Output only the lines below from the one holding "ziplining view on" down to the one holding "A Képviselő-testület 129/2010.(V.21.)", both end lines included and every picture dropped.

**EXTRACTED DATA**
________

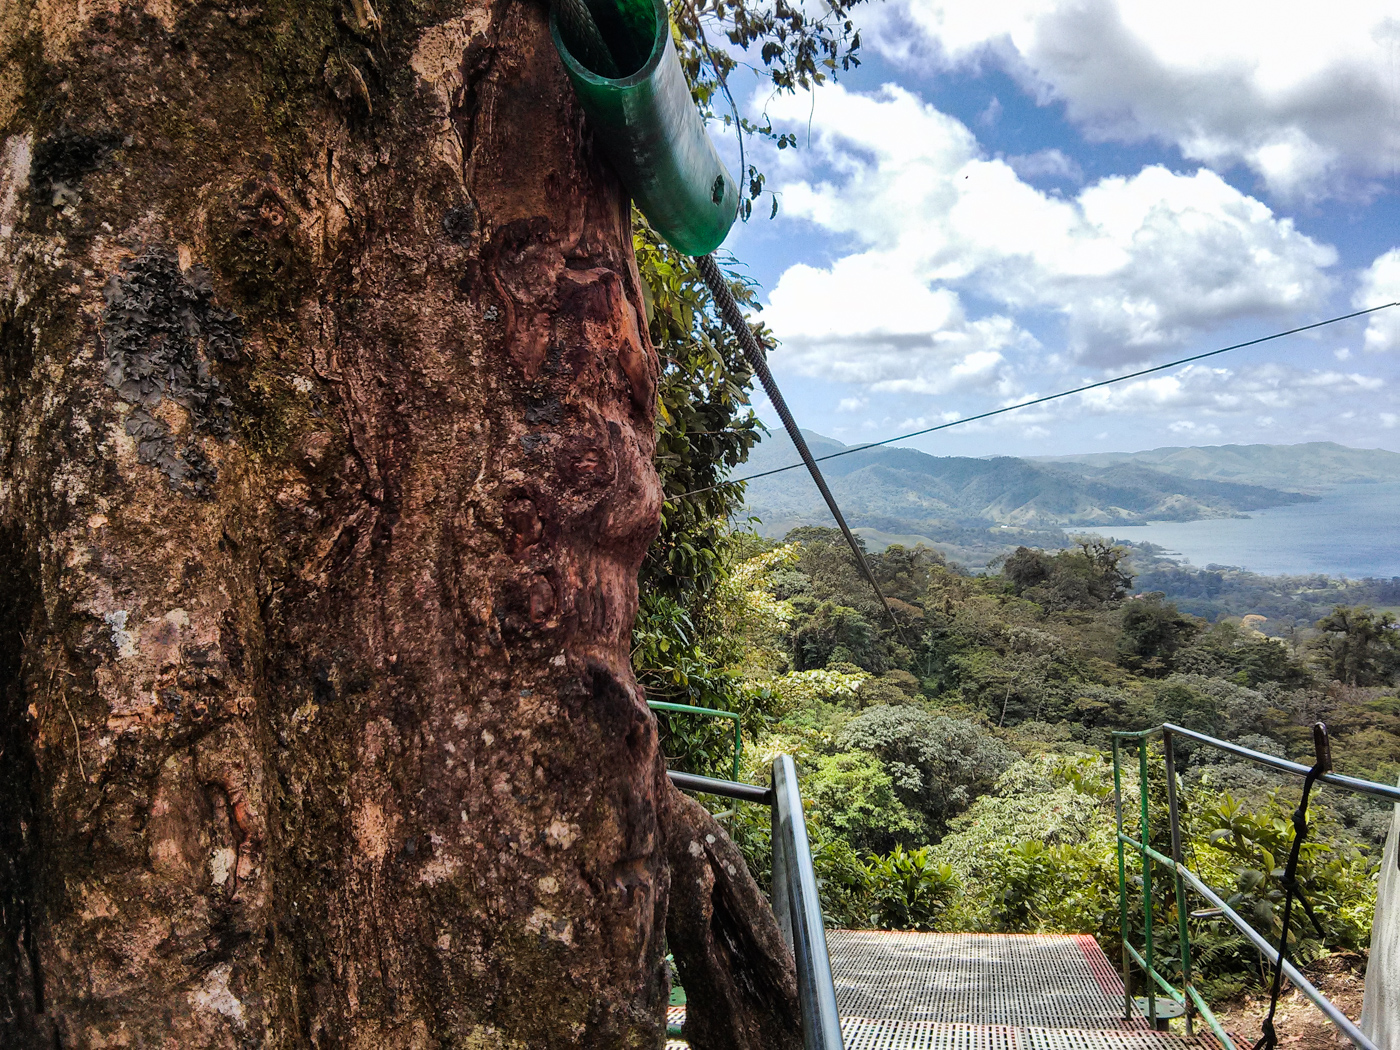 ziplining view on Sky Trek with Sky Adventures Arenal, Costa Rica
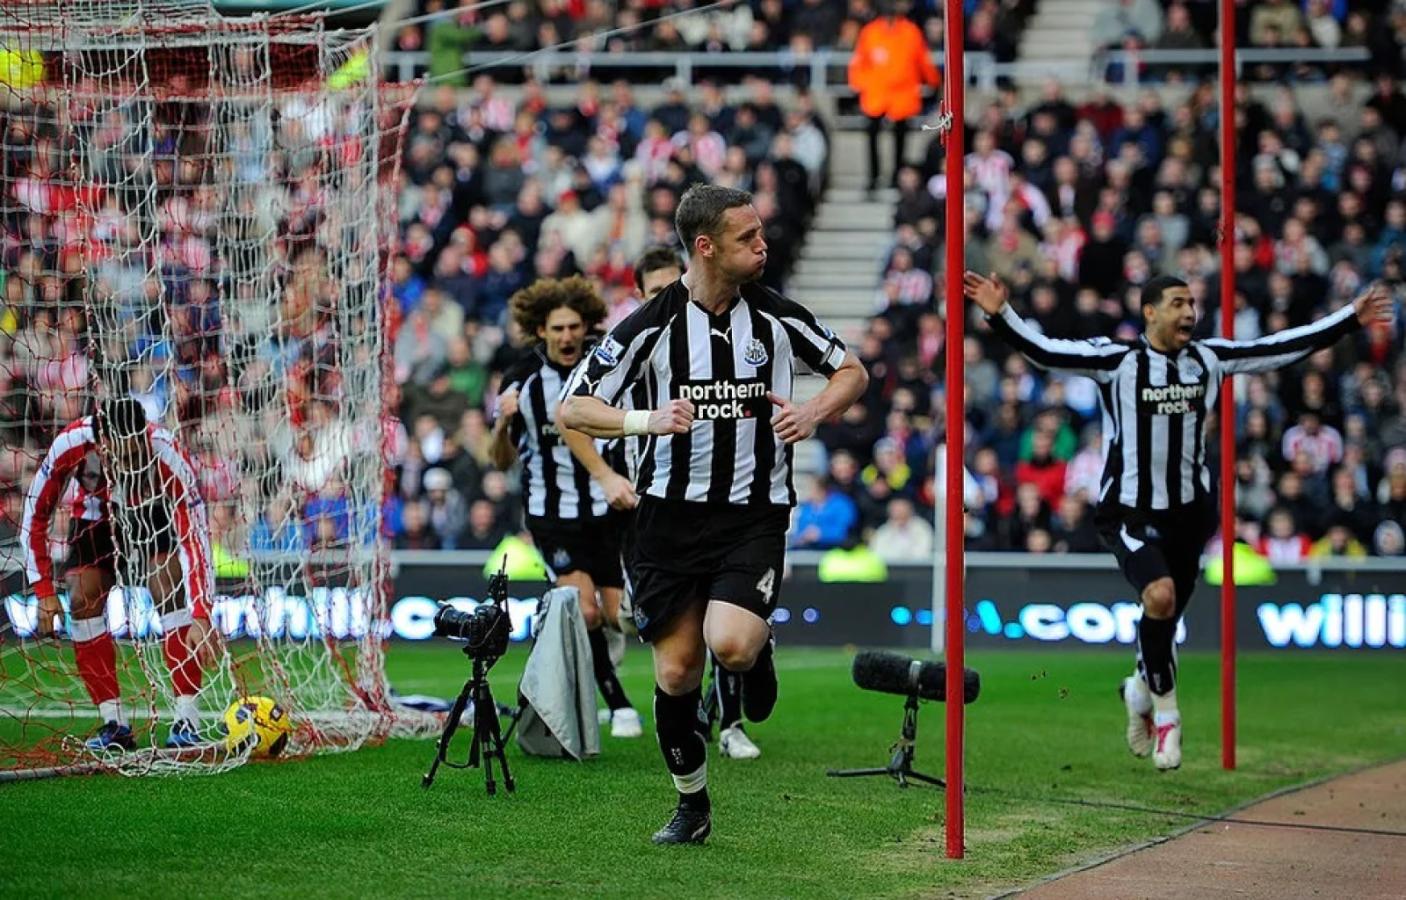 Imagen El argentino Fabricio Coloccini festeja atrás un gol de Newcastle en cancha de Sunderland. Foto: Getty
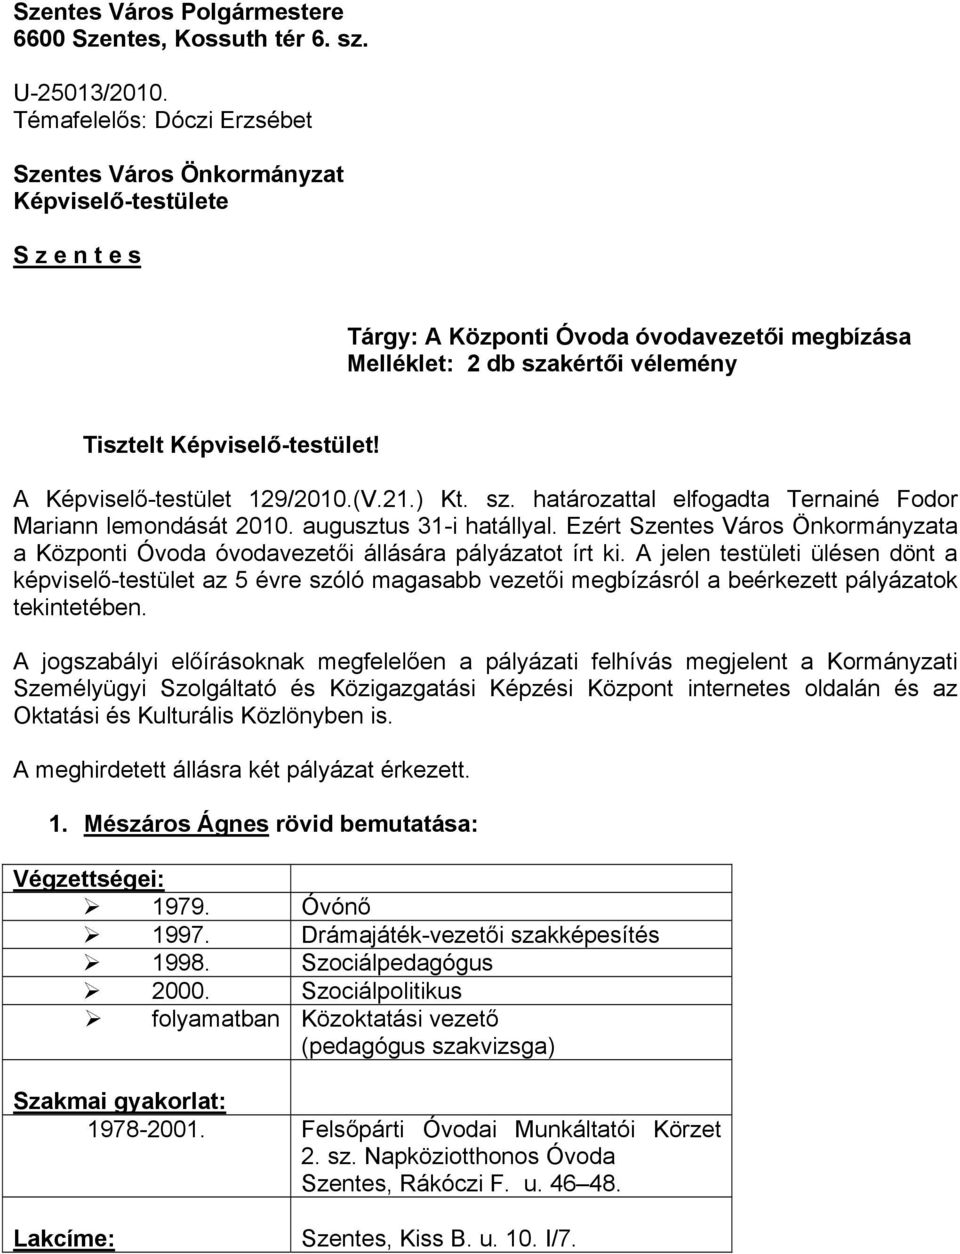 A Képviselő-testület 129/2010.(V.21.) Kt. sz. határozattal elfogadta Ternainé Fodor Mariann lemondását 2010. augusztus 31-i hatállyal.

________

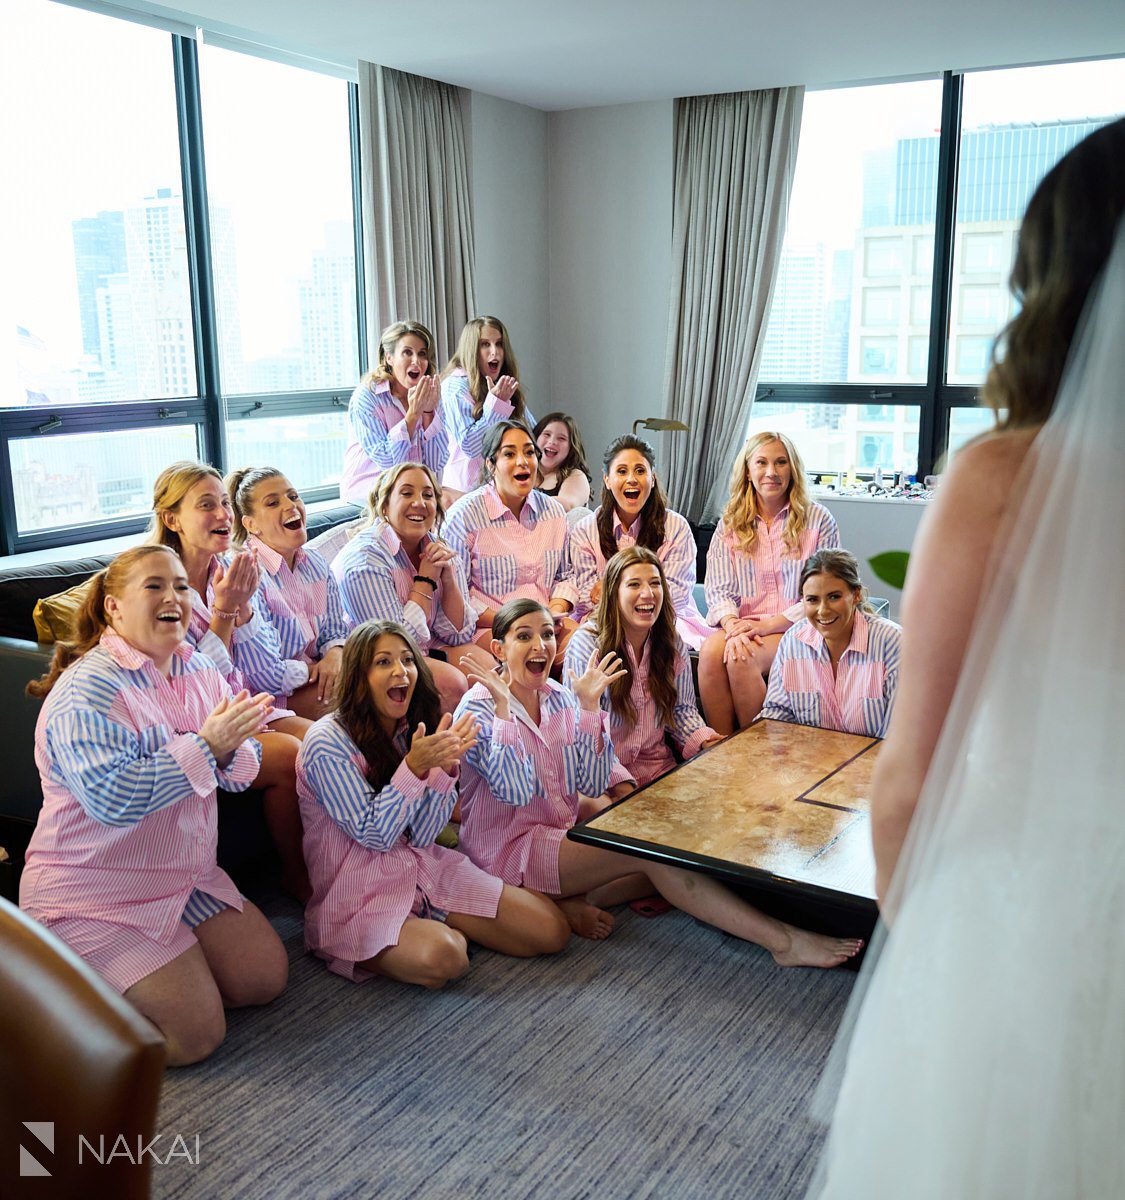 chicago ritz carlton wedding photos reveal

________

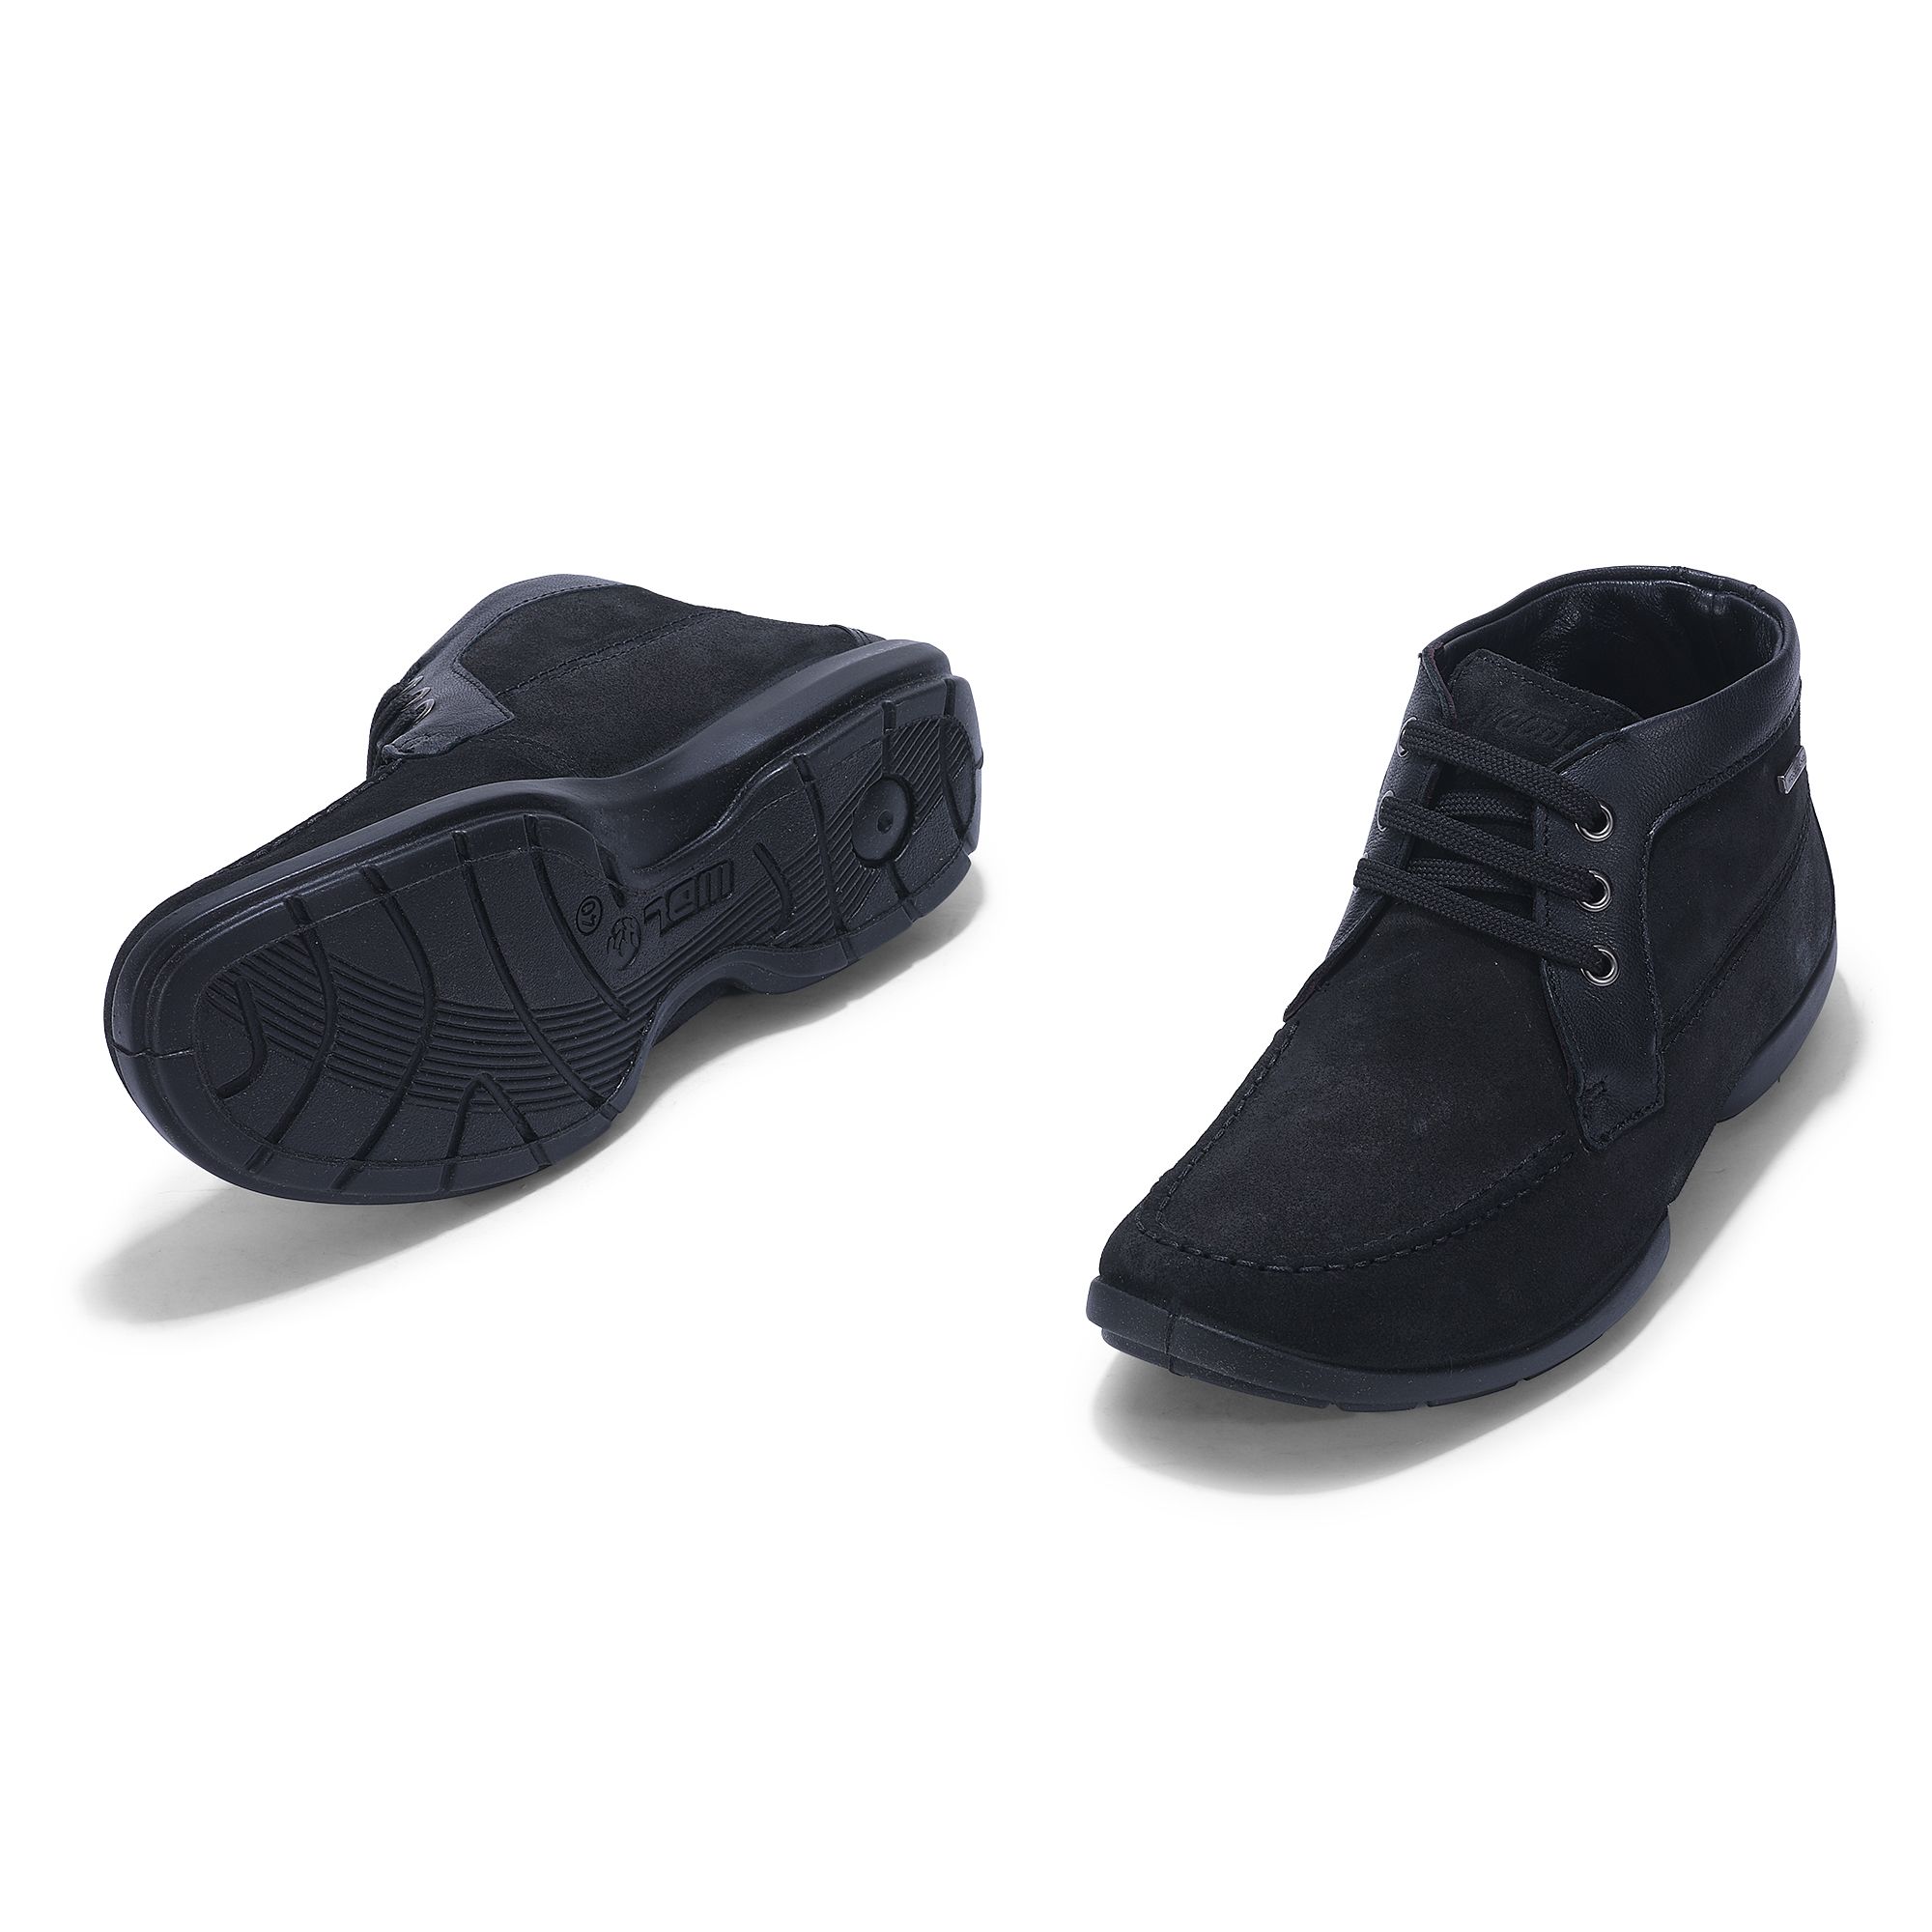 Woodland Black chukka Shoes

________

**ANSWER SECTION**
 ziplining view on Sky Trek with Sky Adventures Arenal, Costa Rica
 Imagen El argentino Fabricio Coloccini festeja atrás un gol de Newcastle en cancha de Sunderland. Foto: Getty
 A Képviselő-testület 129/2010.(V.21.) Kt. sz. határozattal elfogadta Ternainé Fodor Mariann lemondását 2010. augusztus 31-i hatállyal.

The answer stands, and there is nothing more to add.